[What is required]
In the listing below, find the line with "de2b3523cef Nike Air" and copy every line from there up to and including the line with "broek zwart, Zwart", exactly and without pictures.

[Recorded information]

= Beginning of Section =

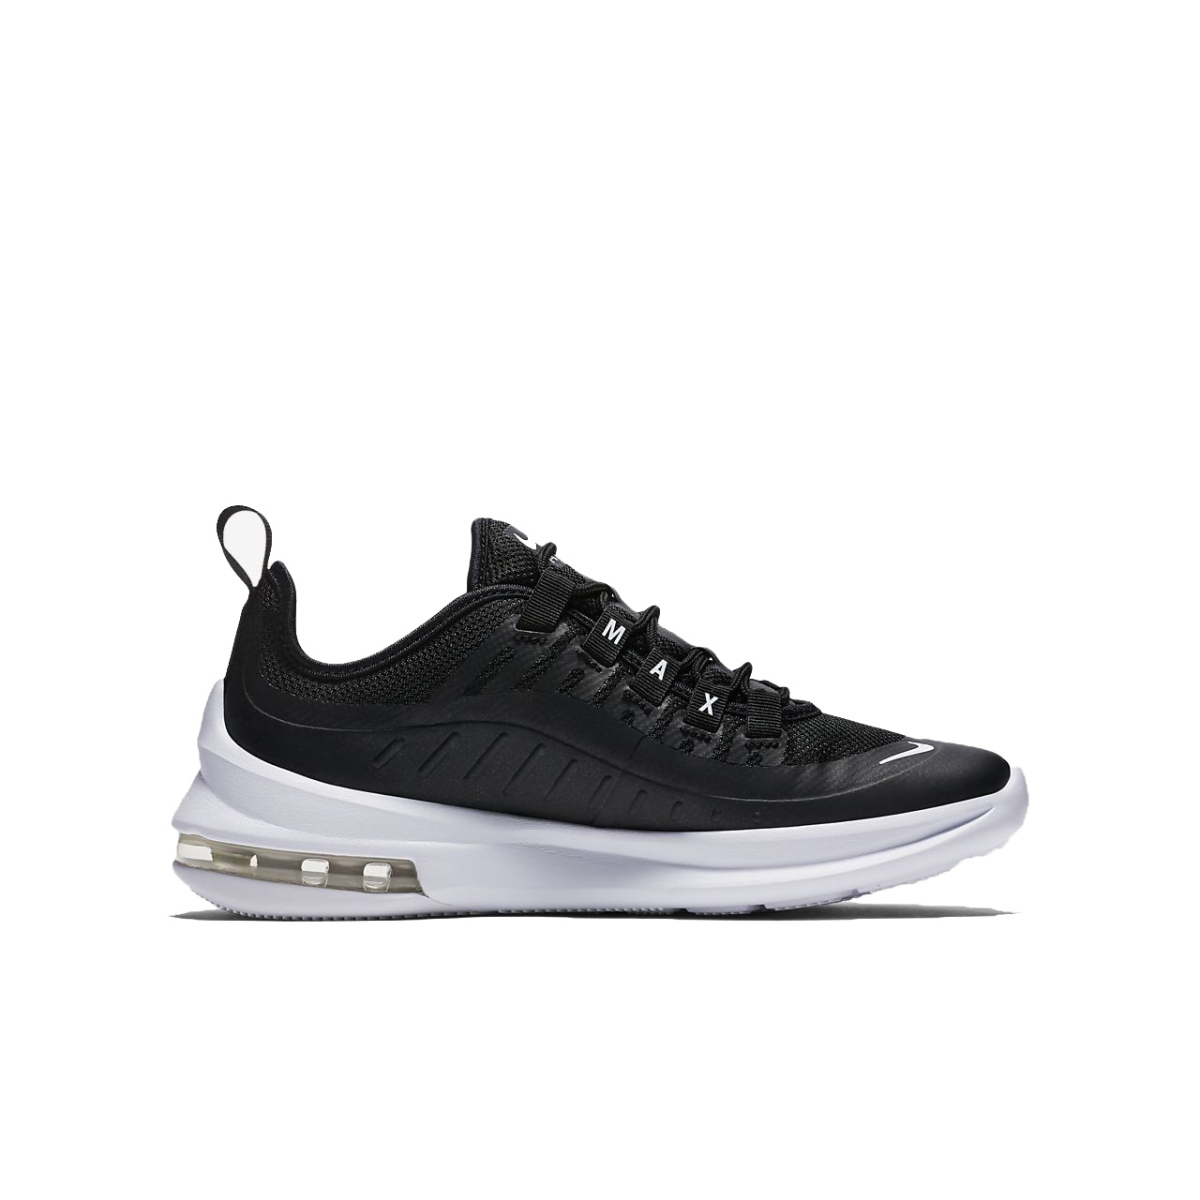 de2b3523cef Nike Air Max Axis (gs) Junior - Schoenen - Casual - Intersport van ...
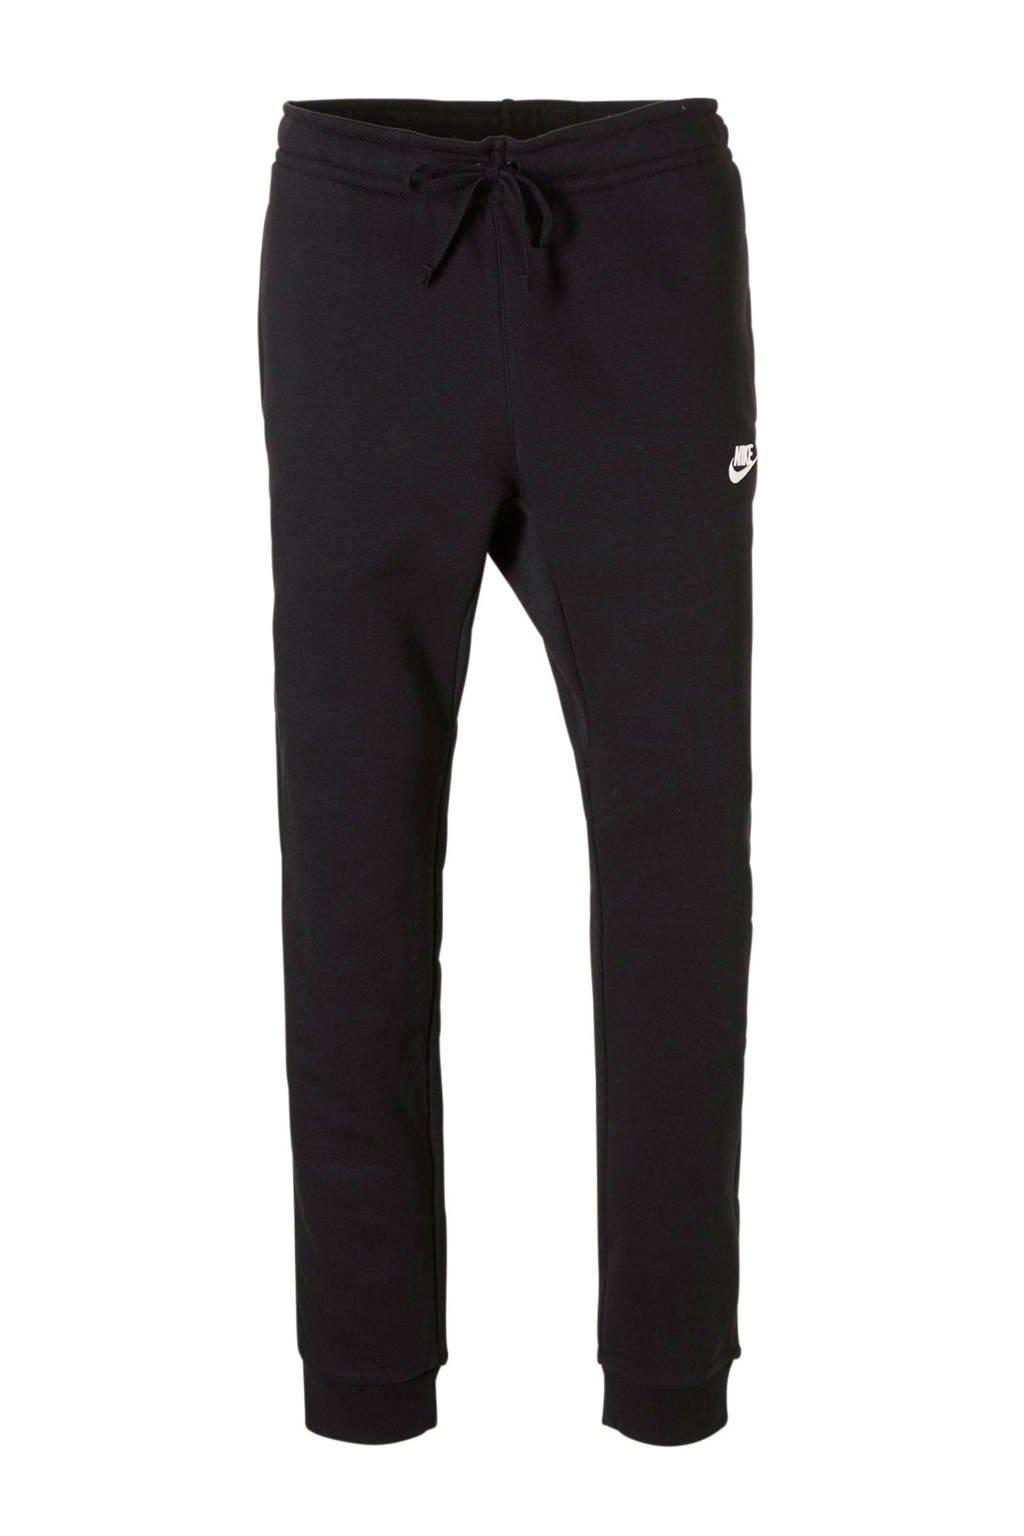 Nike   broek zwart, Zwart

= End of Section =
= Beginning of Section =

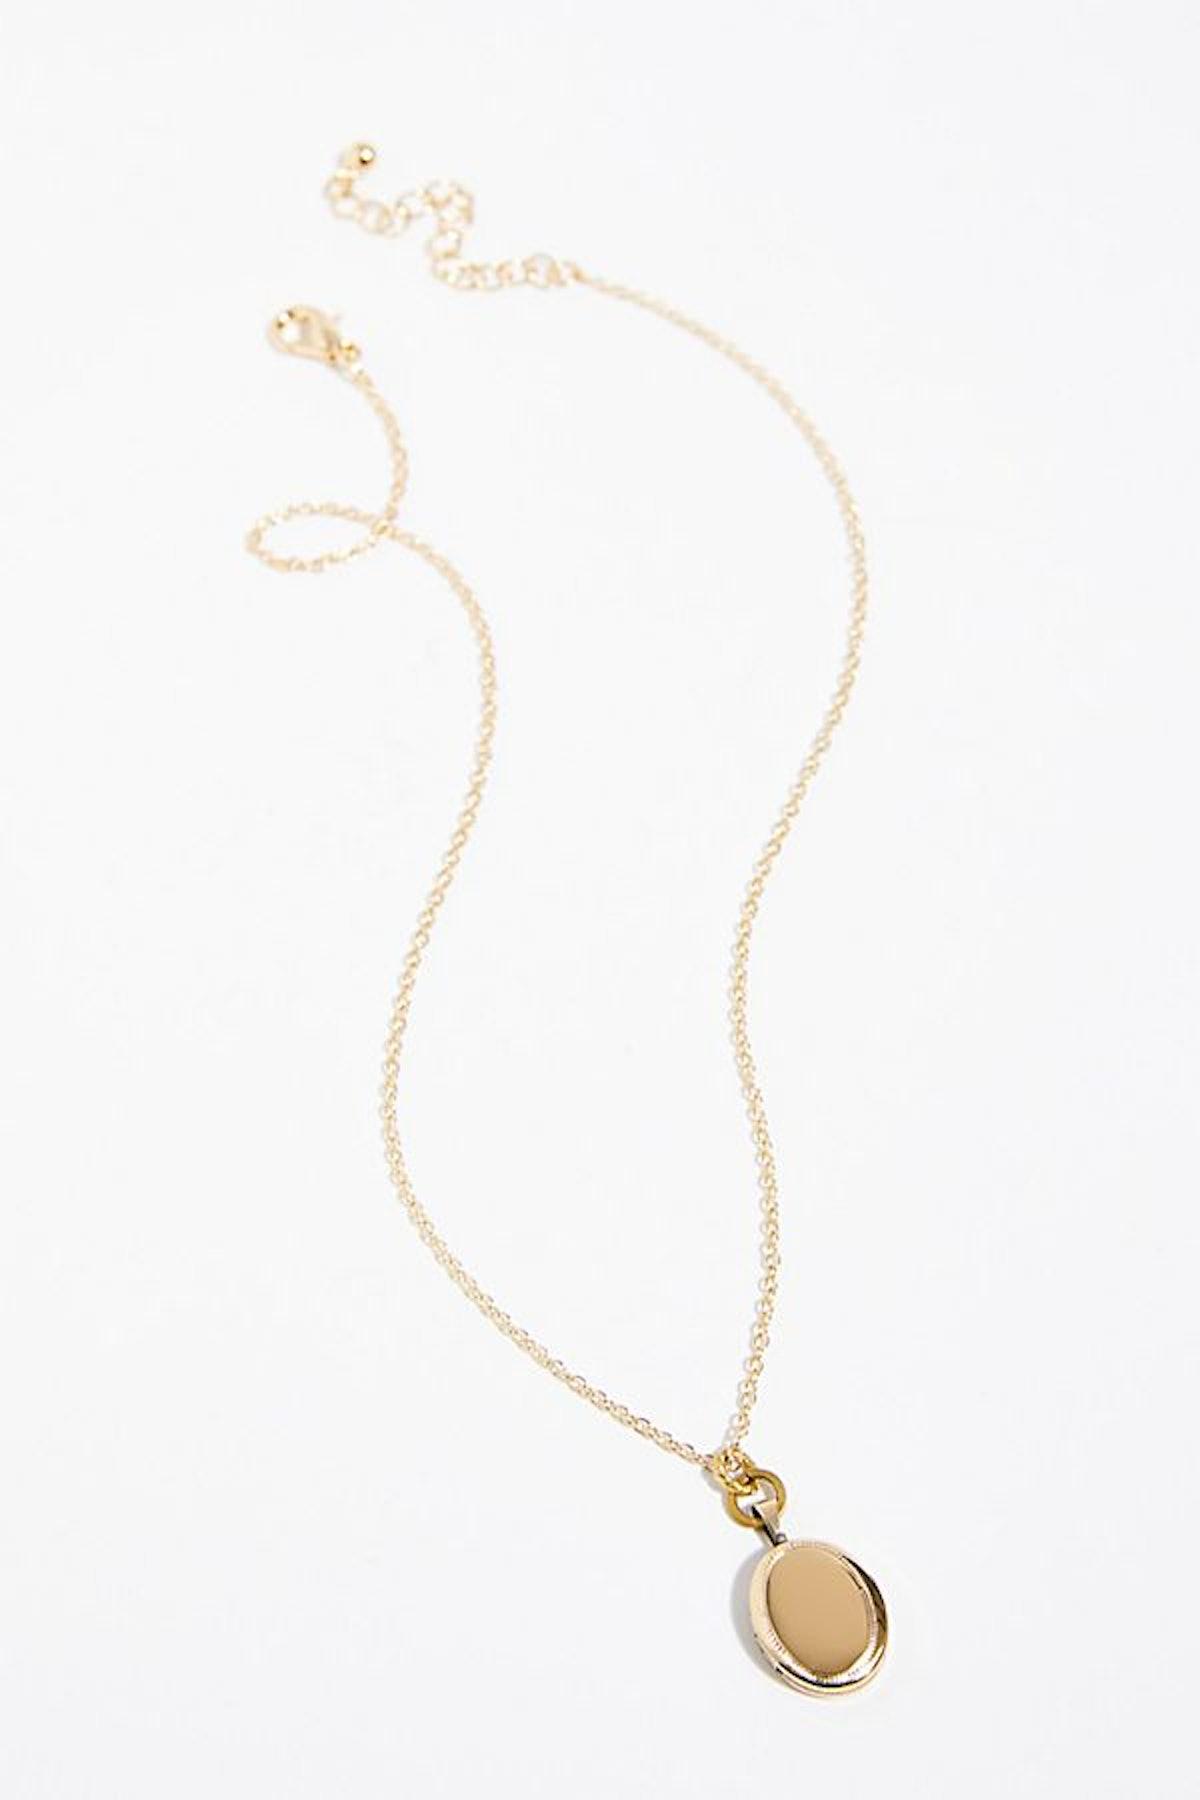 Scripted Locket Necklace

= End of Section =
= Beginning of Section =

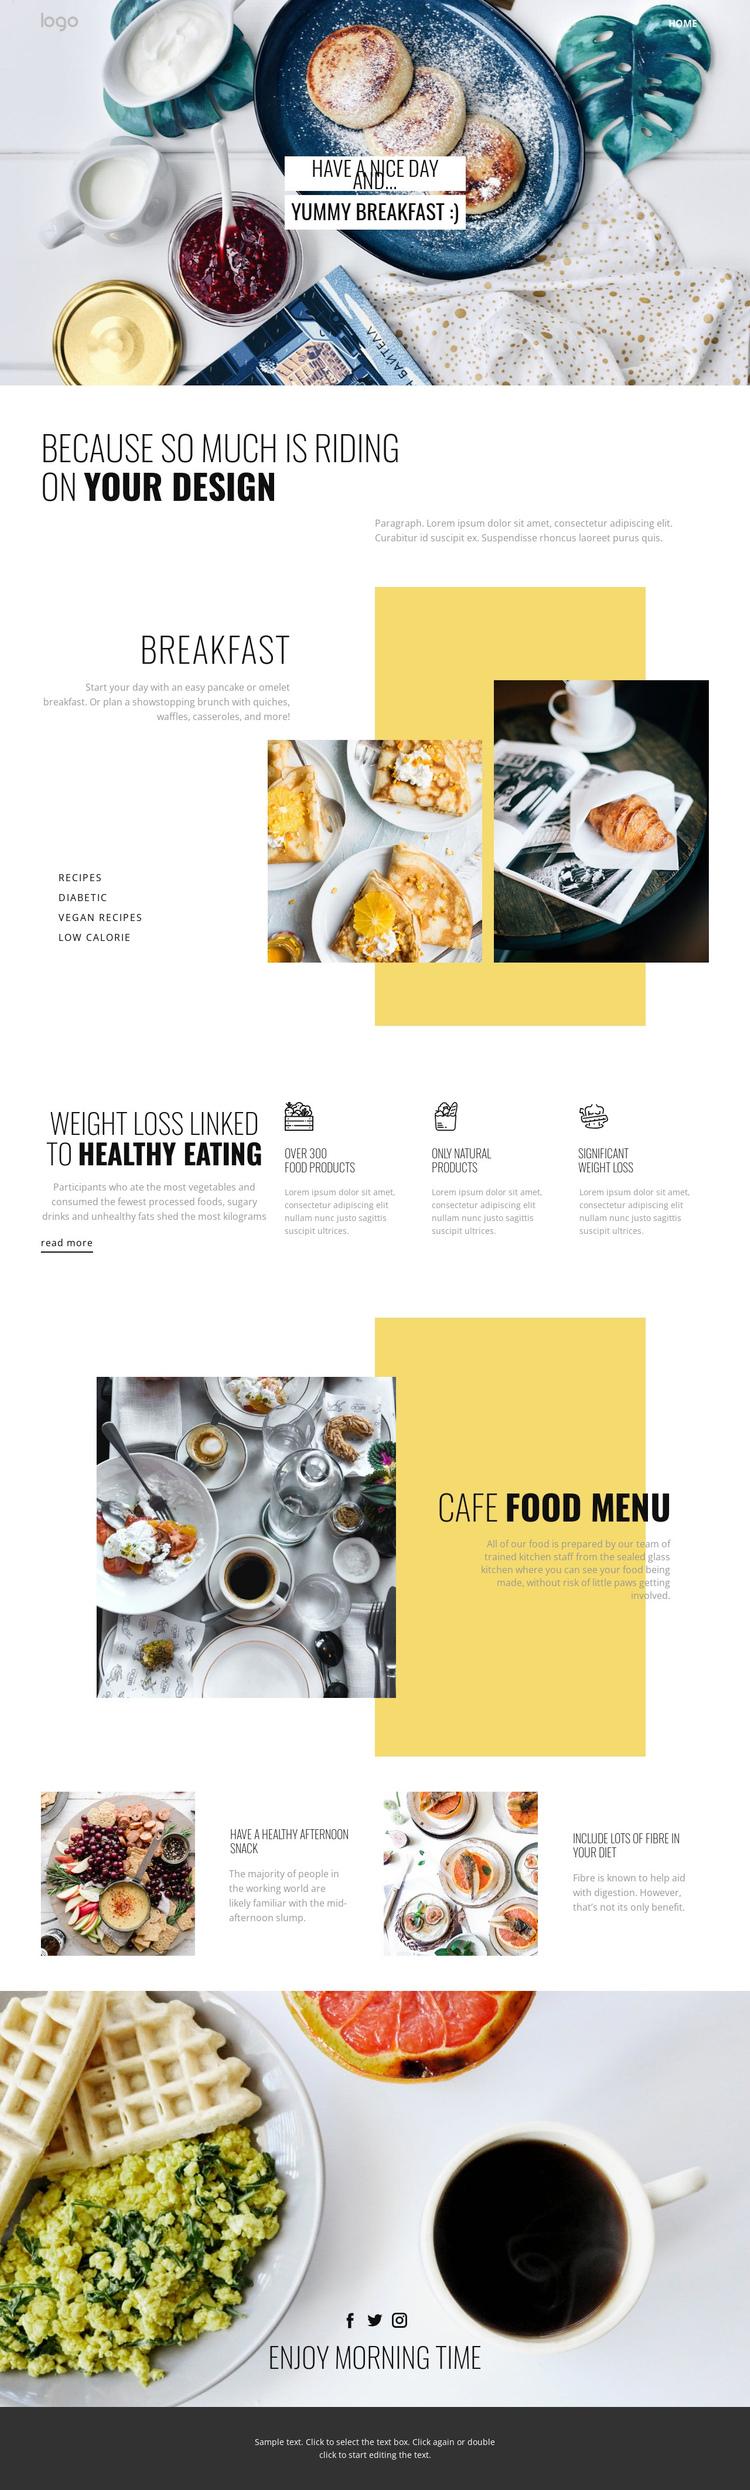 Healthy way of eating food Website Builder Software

= End of Section =

[Solved problem]
 de2b3523cef Nike Air Max Axis (gs) Junior - Schoenen - Casual - Intersport van ...
 Nike   broek zwart, Zwart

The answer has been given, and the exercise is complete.